# Black Young Egyptian Moraslat,March 2012



## Mohamad Fathy (Dec 12, 2010)

*Black Young Egyptian Moraslat from our production,March 2012

Best regards,,,*






​


----------



## Wayne Johnson (Oct 1, 2010)

They are amazing. You must be an excellent breeder to get such quality.


----------



## Mohamad Fathy (Dec 12, 2010)

thanks for your comment


----------



## sev3ns0uls (Jul 2, 2011)

ummm question! how do the eat gains??? with the beak like that, it must be hard for them during feeding time.


----------



## polo963 (Feb 25, 2011)

I was wondering the same?


----------



## Mohamad Fathy (Dec 12, 2010)

this kind of pigeon, eating normally


----------



## sev3ns0uls (Jul 2, 2011)

Mohamad Fathy said:


> this kind of pigeon, eating normally


really? *because it has beak like a flamingo.* and you know flamingo feed is very different from other birds.

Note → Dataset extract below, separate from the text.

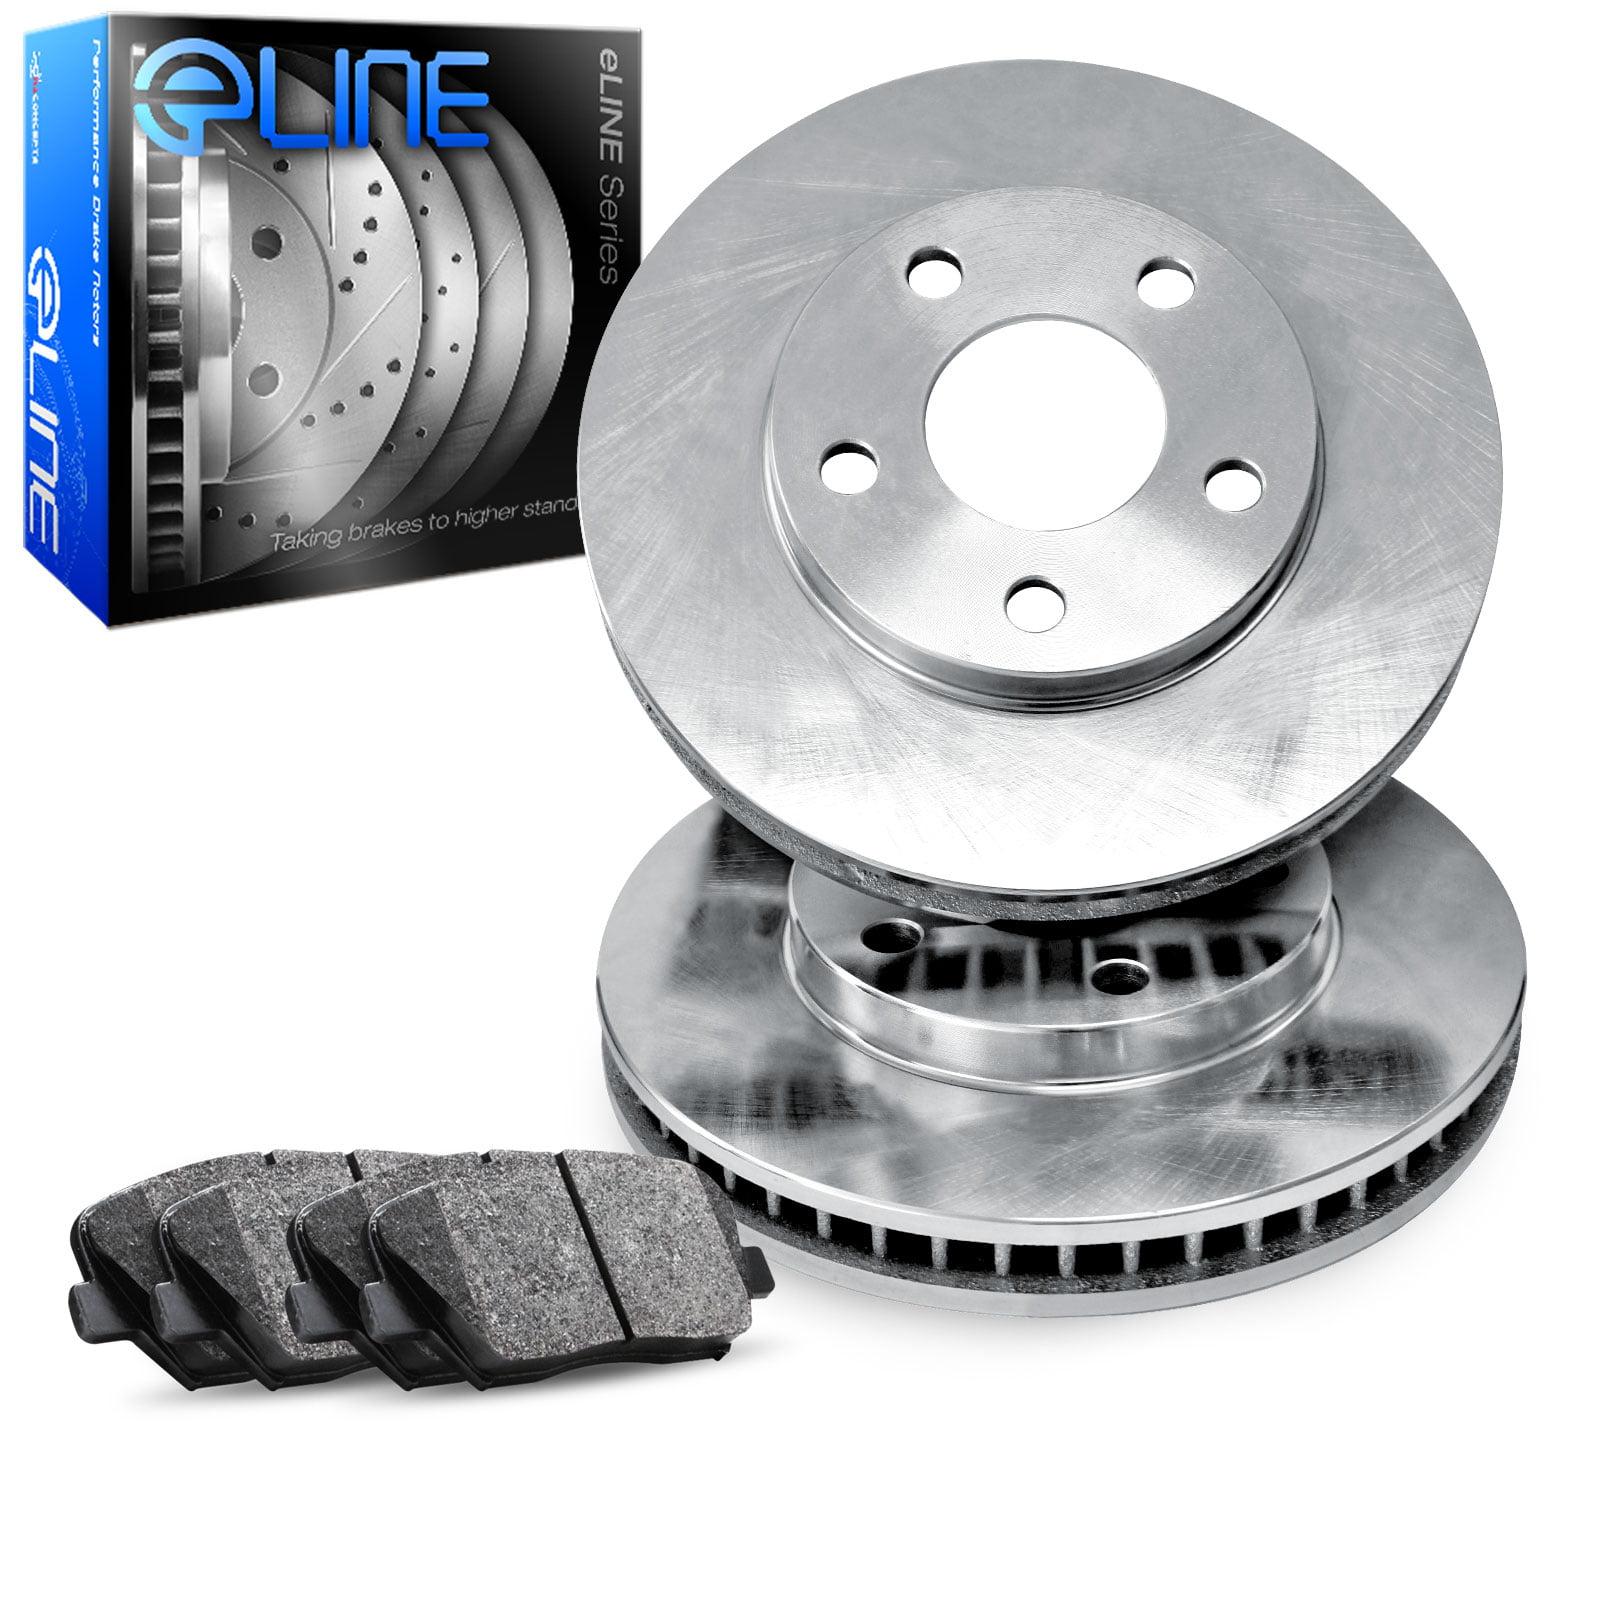 2012 2013 2014 2015 2016 Ford Focus Front Eline Plain Brake Disc Rotors Ceramic Brake Pads

lolz, looks like a flamingo x a homing pigeon. a flamingeon??


----------



## almondman (Aug 22, 2009)

sev3ns0uls said:


> really? *because it has beak like a flamingo.* and you know flamingo feed is very different from other birds.
> 
> lolz, looks like a flamingo x a homing pigeon. a flamingeon??


Cute!!!!!


----------



## egpigeon (Jan 15, 2008)

Very nice young Moraslat
Good work Dr: Mohamed


----------



## Mohamad Fathy (Dec 12, 2010)

Thanks to all friends for the comments ... and special thanks to Mr. Mahmoud Hassan


----------



## spirit wings (Mar 29, 2008)

I think they look like Alice in wonderland creatures.


----------